Wer aber war Maria Elisabeth Kielmannsegg (1643 Gelting – 23.9.1709), die den Witwensitz nie an Anspruch nahm? Die Tochter des königlich dänischen Feldmarschalls Nikolaus von Ahlefeld und dessen Frau Anna Hedwig, geb. von Rantzau wurde 1666 im Alter von 24 Jahren mit dem vier Jahre älteren Friedrich Christian Kielmannsegg (1.2.1639 Schleswig – 25.9.1714 Hamburg) verheiratet – eine standesgemäße Heirat, denn er war Diplomat „in herzoglich Schleswig-Holstein-Gottorfschen und königlich dänischen Diensten, Dompropst in Hamburg und Domherr in Lübeck“ 7), sowie Gutsbesitzer des Gutes Wandsbek. Nachdem er 1679 Gut und Schloss Wandsbek erworben hatte, ließ er um 1680 für seine Frau ein Anwesen (Haus Marienthal) am Ufer des Wandsbeker Mühlenteiches als Witwensitz erbauen. Dieses Haus hat sie nie als Witwensitz genutzt, da sie vor ihrem Ehemann verstarb. Mit ihrem Ehemann hatte Marie Elisabeth Kielmannsegg 11 Kinder, von denen fünf Kinder im Kleinkindalter verstarben. Maria Elisabeths Schwangerschaften und die Geburt ihrer Kinder erfolgten in kurzen Zeitabständen: 1667; 1668; 1671; 1673; 1674; 1675; 1676; 1678; 1679; 1680; 1681. Ob zwischen den Geburten noch Fehlgeburten lagen, so z. B. in der Zeit zwischen der Geburt eines Kindes im Jahre 1668 und der des nächsten Kindes im Jahre 1671, ist nicht bekannt.
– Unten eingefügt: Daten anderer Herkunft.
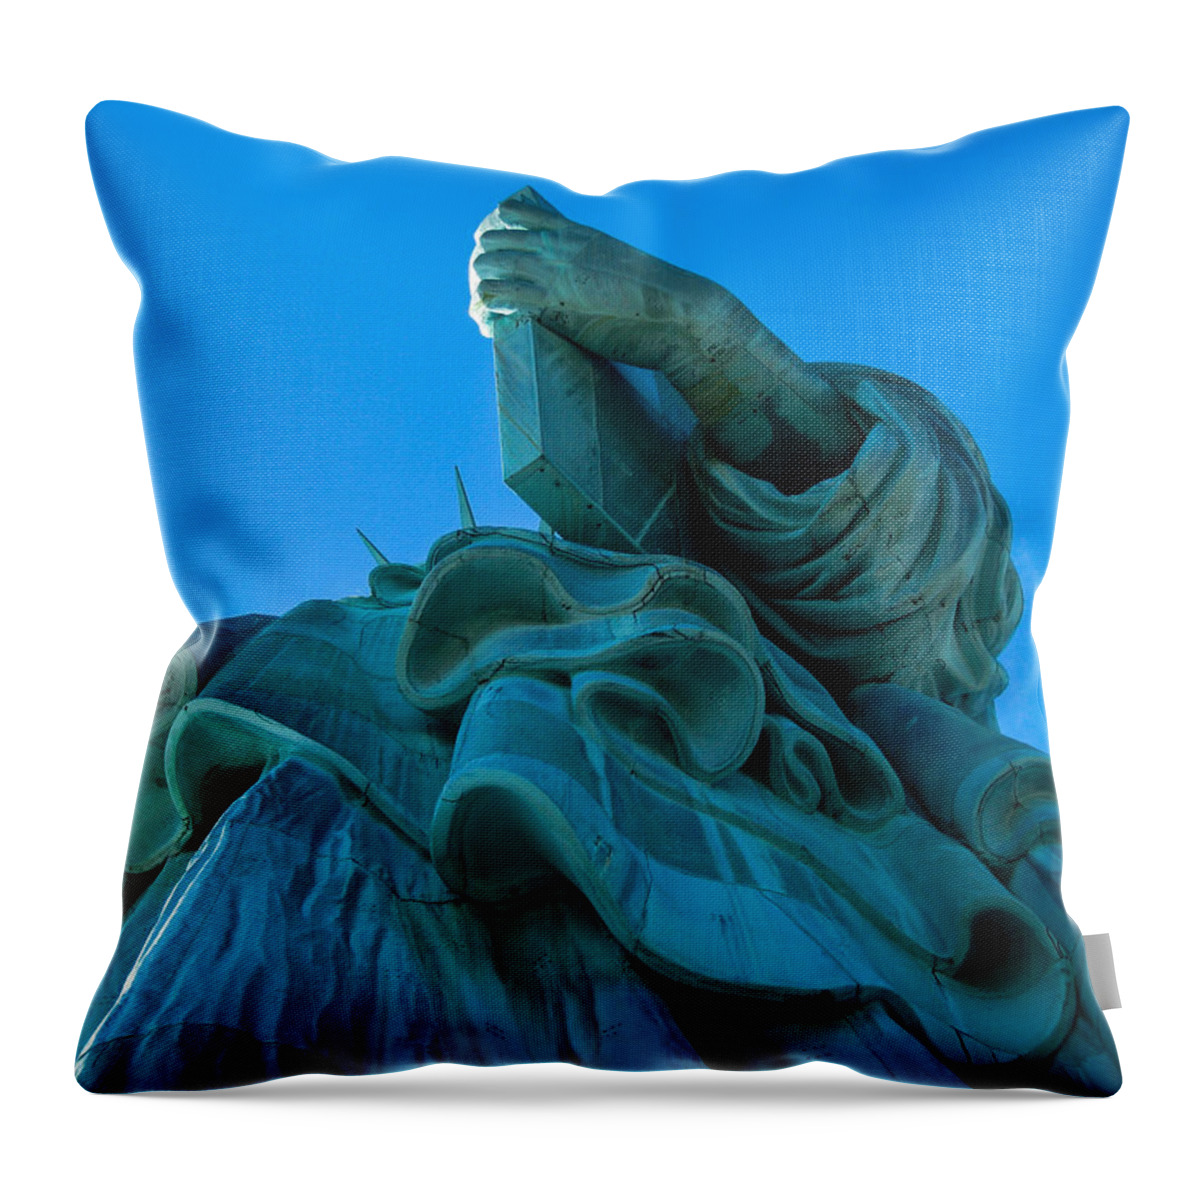 New York Throw Pillow featuring the photograph Lady Liberty by Gera Photography

Dass Maria Elisabeth, die zwischen 1667 und 1681 fast jedes Jahr ein Kind gebar, im Jahr 1677 nicht schwanger wurde, ist wohl der Tatsache geschuldet, dass ihr Ehemann im Frühjahr 1676 von den Dänen gefangen genommen worden war und erst 1677 wieder freikam. Zum Zeitpunkt seiner Gefangennahme war seine Gattin bereits schwanger und gebar im Dezember 1676 einen Sohn. Ebenfalls während seiner Gefangenschaft verstarb im September 1676 die gerade ein Jahr alte Tochter Marie Elisabeth. Gleich nach seiner Freilassung aus der Haft muss Marie Elisabeth wieder schwanger geworden sein, denn sie gebar ihr nächstes Kind am 30. Januar 1678. Einen Monat zuvor – am 1. Dezember 1677 war ihr Sohn Christian im Alter von einem Jahr gestorben.